▶ _EXERCISE OBJECTIVE_:
All the lines below should appear again unchanged, though their pictures should not.

▶ _PROVIDED MATERIAL_:
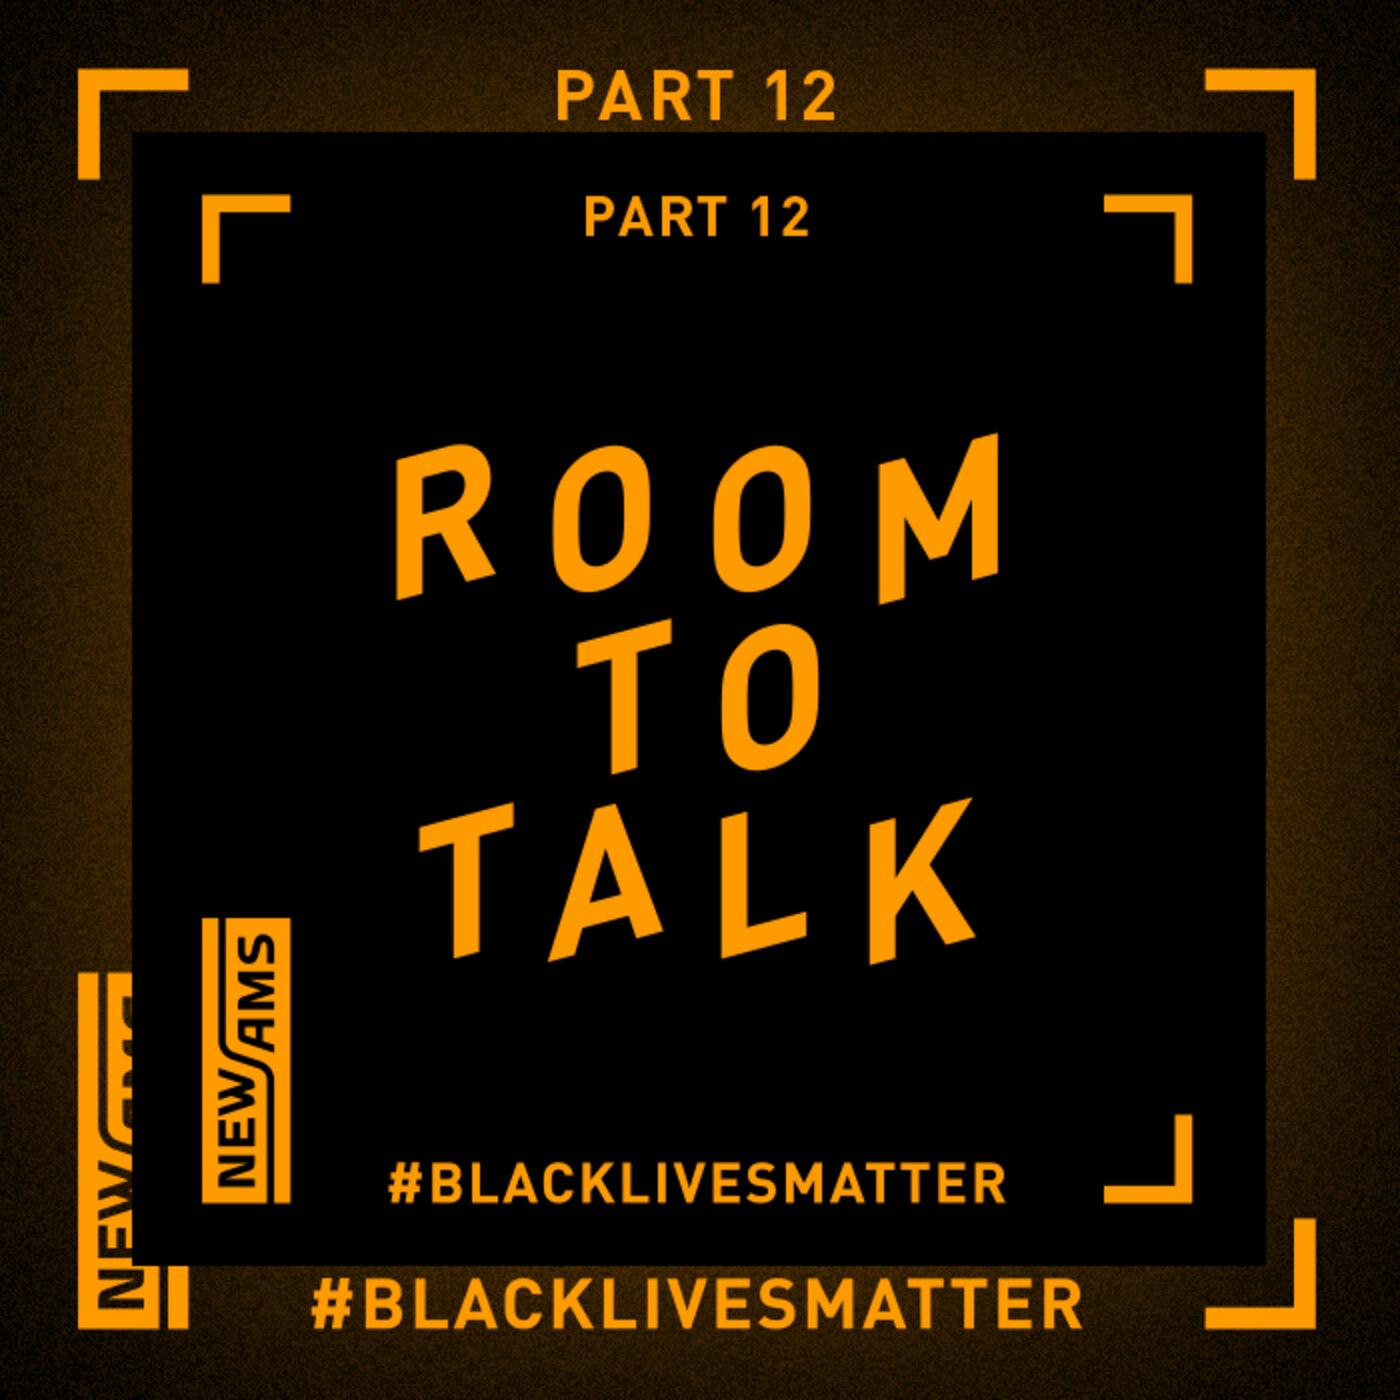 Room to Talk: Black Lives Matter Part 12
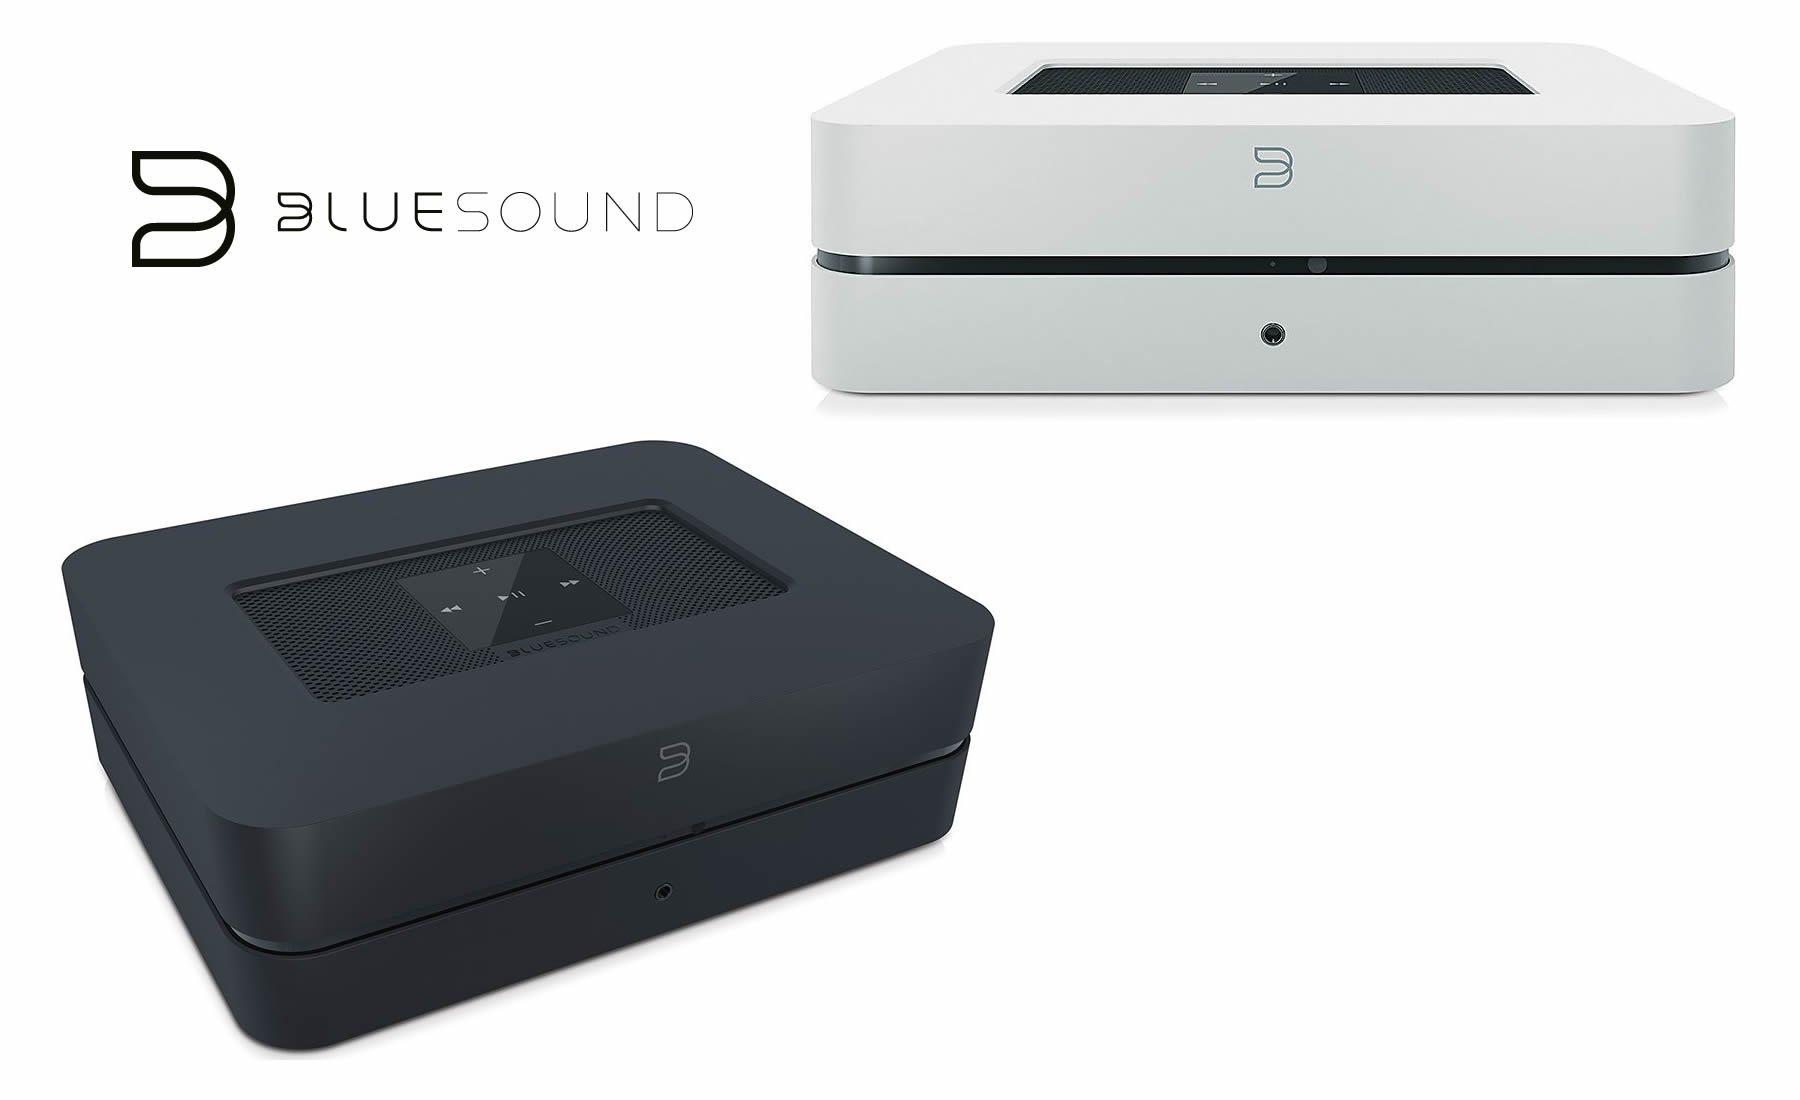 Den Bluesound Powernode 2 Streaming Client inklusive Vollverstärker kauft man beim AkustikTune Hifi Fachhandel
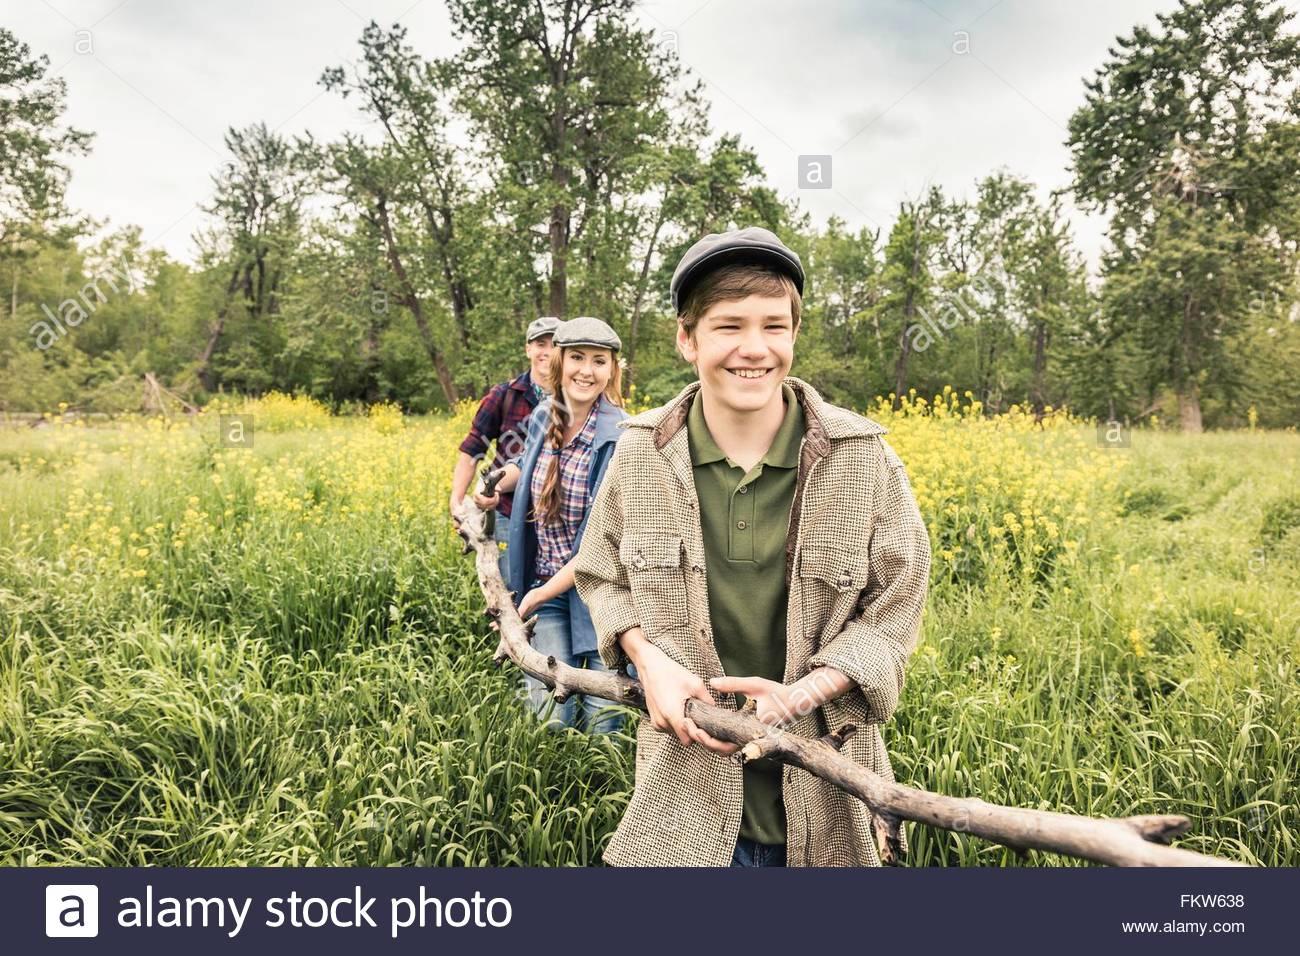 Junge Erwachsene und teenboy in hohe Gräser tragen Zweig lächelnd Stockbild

▶ _ANSWER TO THE PROBLEM_:
 Room to Talk: Black Lives Matter Part 12
 Den Bluesound Powernode 2 Streaming Client inklusive Vollverstärker kauft man beim AkustikTune Hifi Fachhandel
 Junge Erwachsene und teenboy in hohe Gräser tragen Zweig lächelnd Stockbild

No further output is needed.